* DATA SECTION
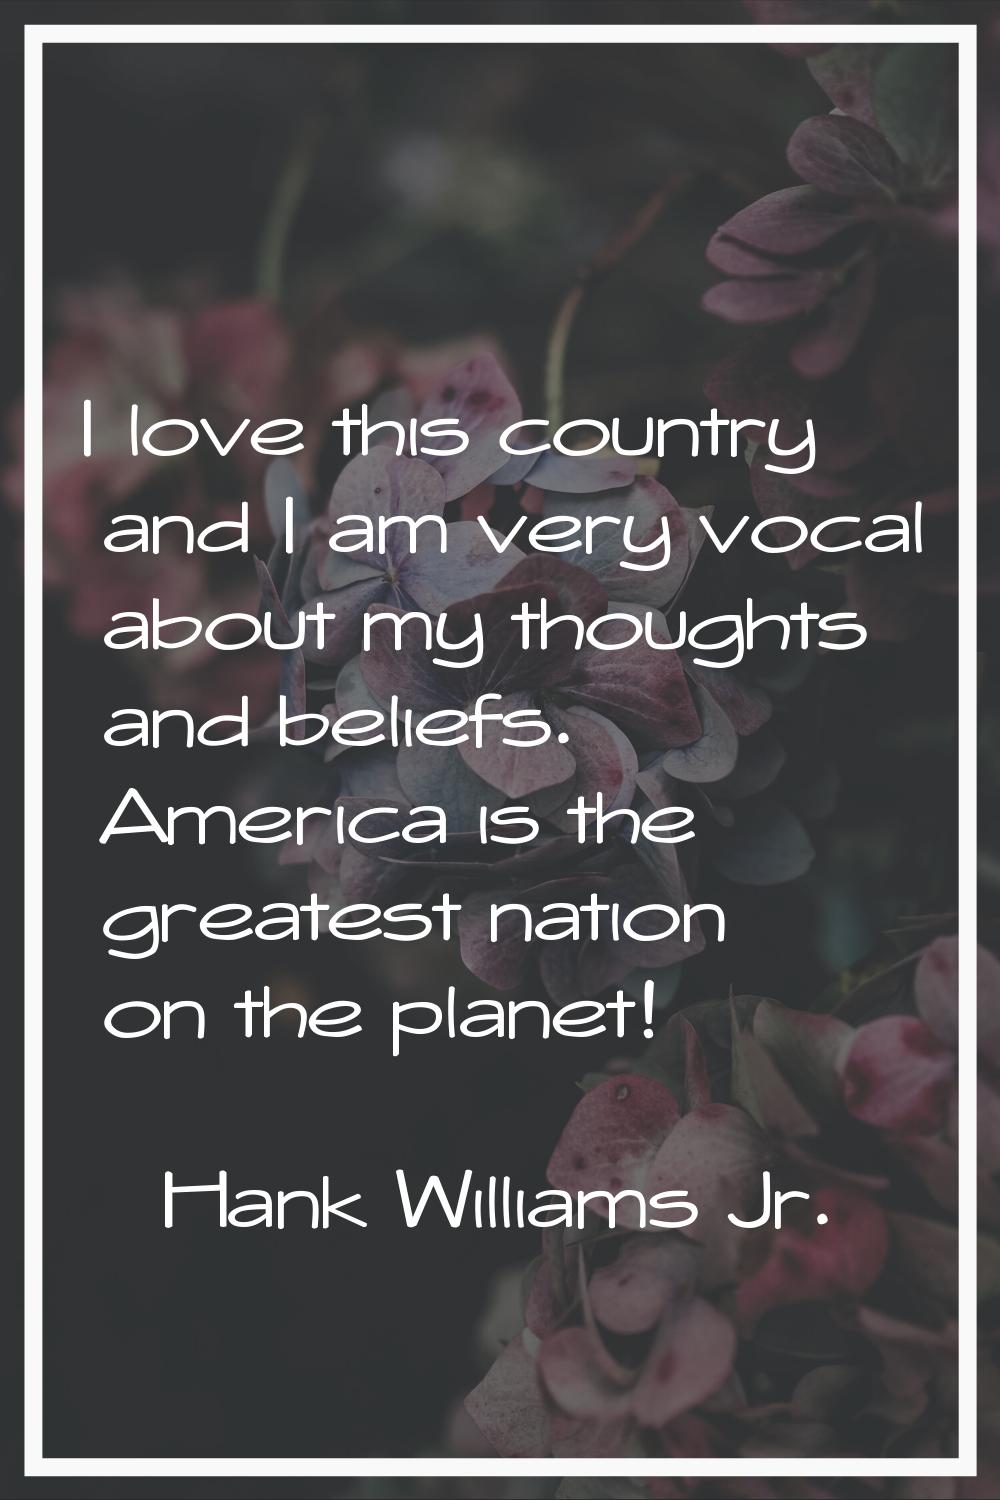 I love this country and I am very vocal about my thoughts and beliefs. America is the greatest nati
==
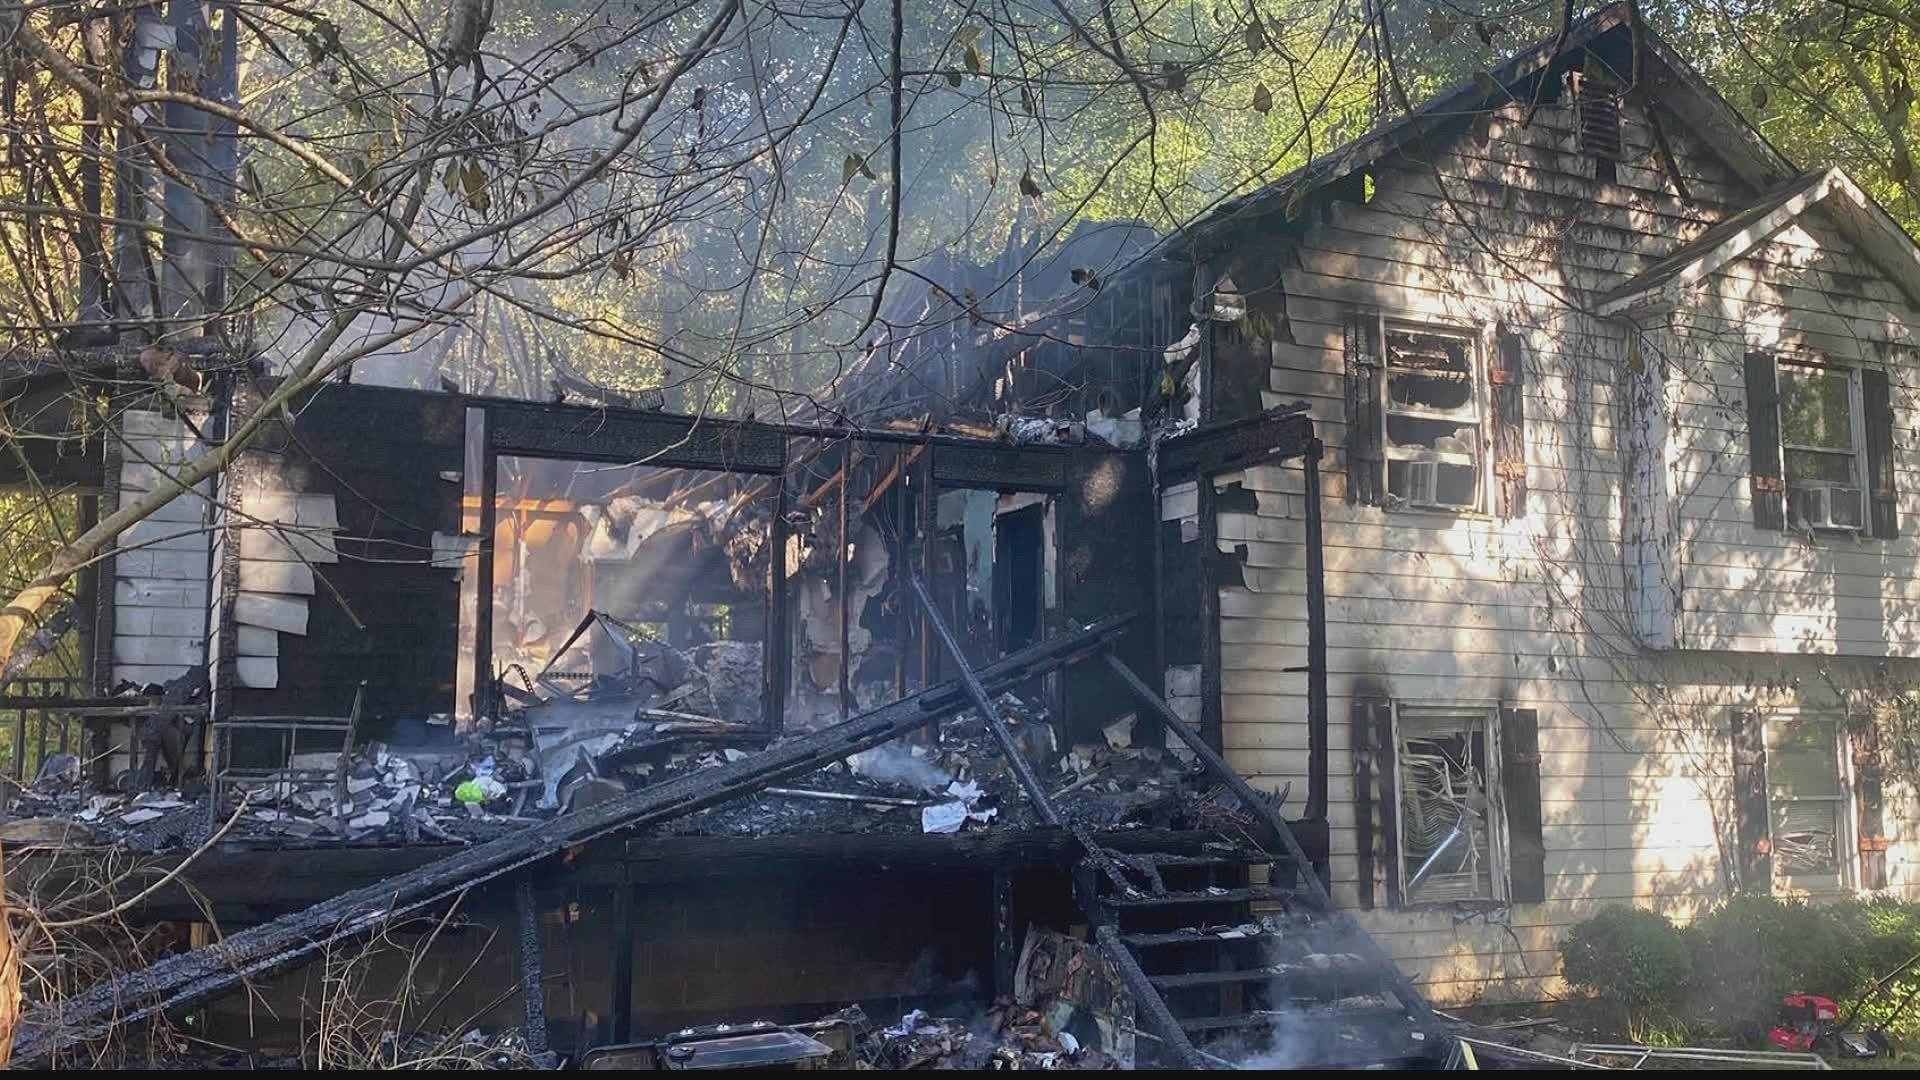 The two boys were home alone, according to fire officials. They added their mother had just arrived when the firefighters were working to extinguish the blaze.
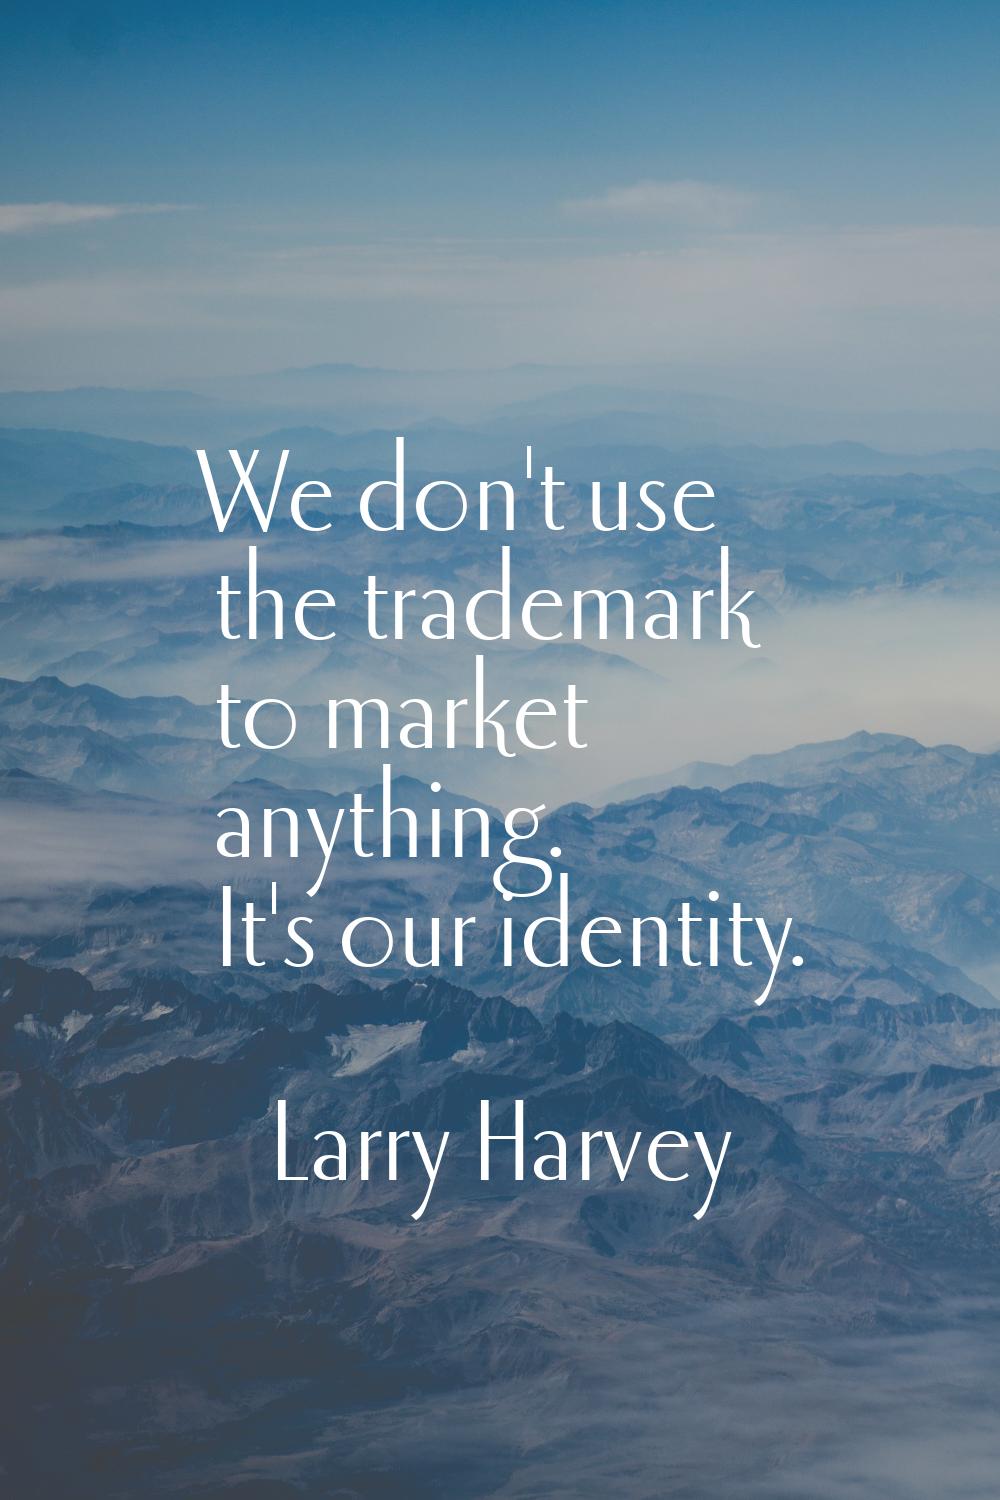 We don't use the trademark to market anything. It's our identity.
* * *
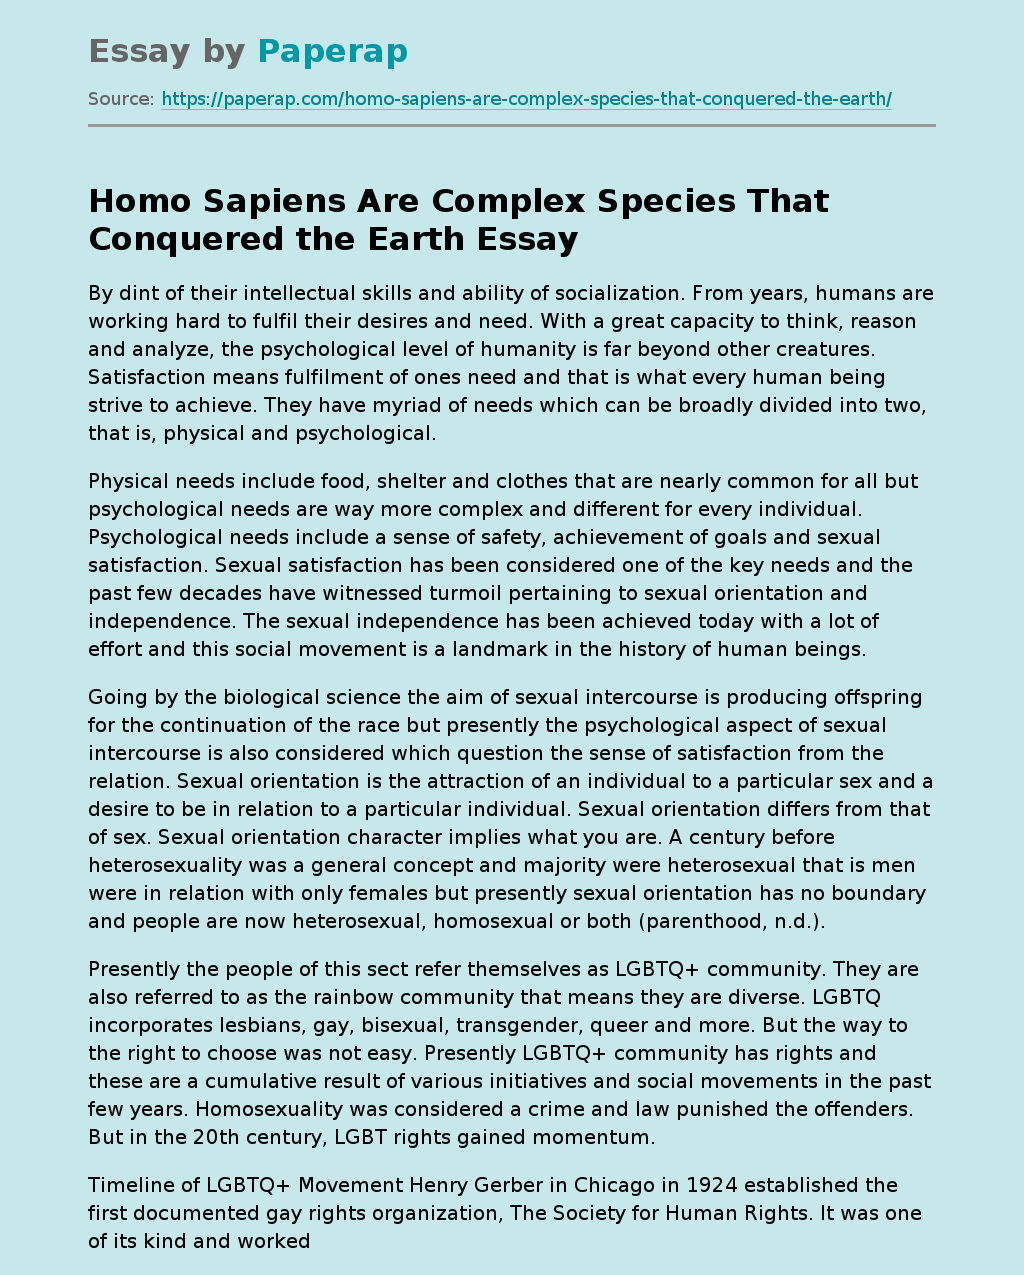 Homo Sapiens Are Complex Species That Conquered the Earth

* INSTRUCTIONS TO FOLLOW
Retype, exactly and with no pictures, everything above from the line with "The two boys" down to the line with "We don't use", both included.

* RESULT
 The two boys were home alone, according to fire officials. They added their mother had just arrived when the firefighters were working to extinguish the blaze.
 We don't use the trademark to market anything. It's our identity.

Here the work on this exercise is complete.